The increasing ratio of brain size to body is explained by more effective cooking. The first sharp increase of brain size was due to shifting our diets from foliage to roots – which have more carbohydrates – around 5 – 7 million years ago. The second brain expansion, around 1.8 to I million years ago, was due to eating more meet, which was only possible due to more effective digestion.

The food quest is key to our evolutionary success, although ironically this is now in doubt. There is the prospect of our kids living shorter lives due to our perversion of the food supply industry (see my blog post on Michael Pollen’s book Food Rules: In Defence of Food), the lack of physical work and disregard for sociability.

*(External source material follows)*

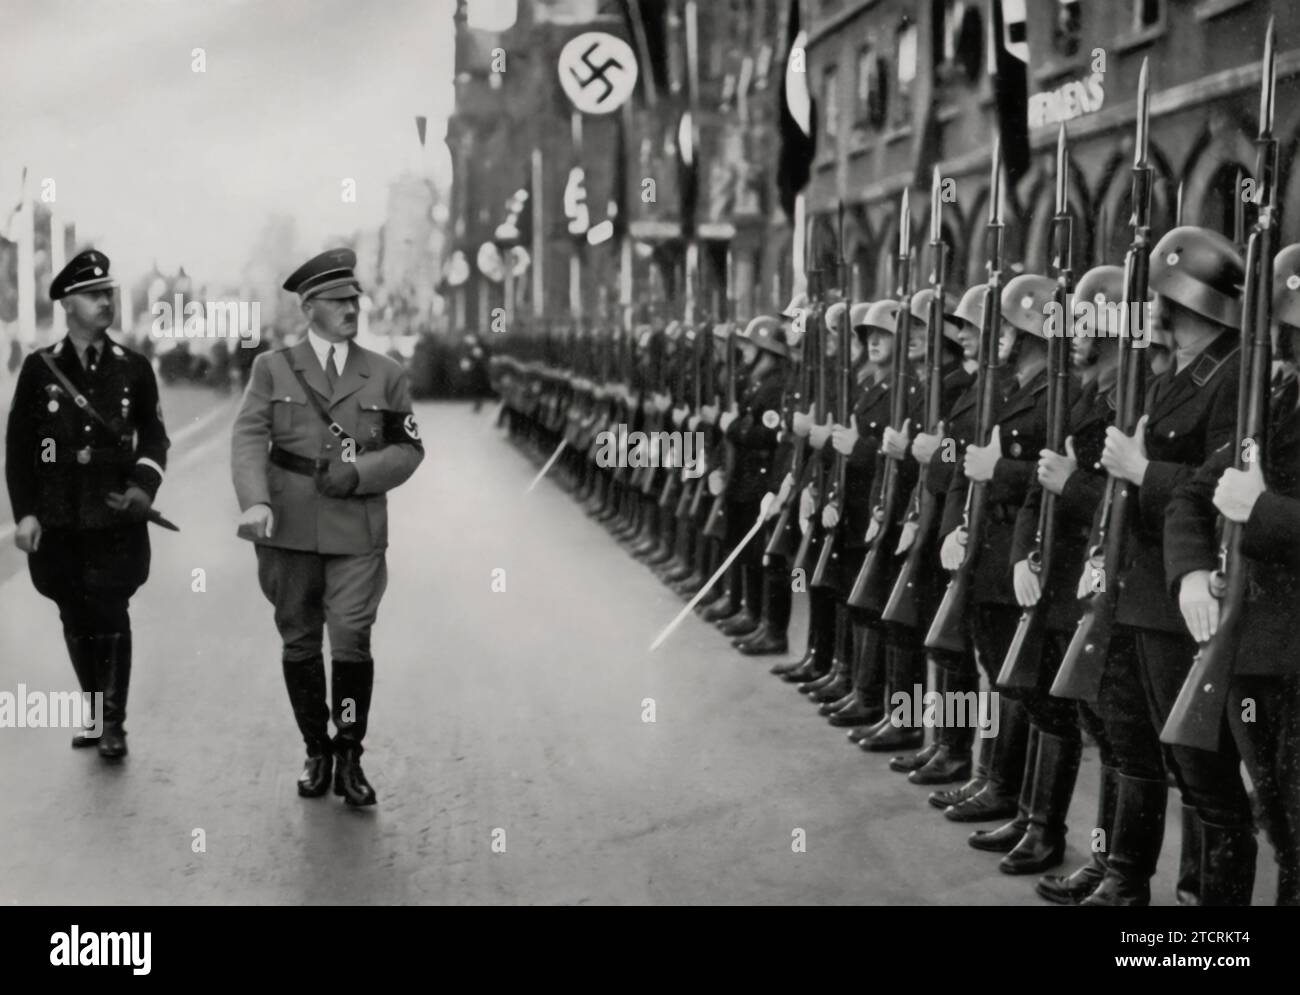 Während des Parteitags der Freiheit wird Adolf Hitler die Ehrenkompanie seiner Leibstandarte inspiziert. Dieser Moment erfasst den rituellen Aspekt der Kundgebungen der Nazi-Partei, bei denen Hitlers Inspektion seiner Elitetruppen die Themen Loyalität und militärische Präzision unterstrich. Die Rolle der Leibstandarte bei diesen Zeremonien war ein Symbol für die enge Verbindung zwischen Hitler und seiner persönlichen Garde, die ihre Bedeutung innerhalb der Nazi-Machtstruktur widerspiegelt. Stockfoto

To end on a positive note, in defence of kitchens, Wrangham says that cooking softens food, which enables us to eat more efficiently, hence allowing us to spend more time working at tasks not related to survival. It also supports a division of labour that creates a well-balanced household economy whereby the hunter-gatherer women were treated well, because they were needed by men to ensure functioning of the dietary system. We believe that modern man has been reconstructed, but it is clear that having a sociable place to cook and eat is a key to remaining healthy. Fast food restaurants tend to use overly rich ingredients and don’t provide you with a diet for longevity. Cooking at home, on the other hand, does and it is tailored to your own specification.

Open-plan, sociable kitchens provide support for digestion as eating is slowed down by conversation. A calm environment, with long views for instinctive relaxation and other rituals so elegantly set out by Margeret Visser in The Rituals of Dinner, discourage over-eating. Wrangham claims we learned many of the elements of sociable behaviour through the discovery of fire and developing an ability to cook. The circular argument seems complete: the more you cook, the more civilized you become. Maybe the modern kitchen is not so much the living room in which you cook, but where you become socialised or join civilisation?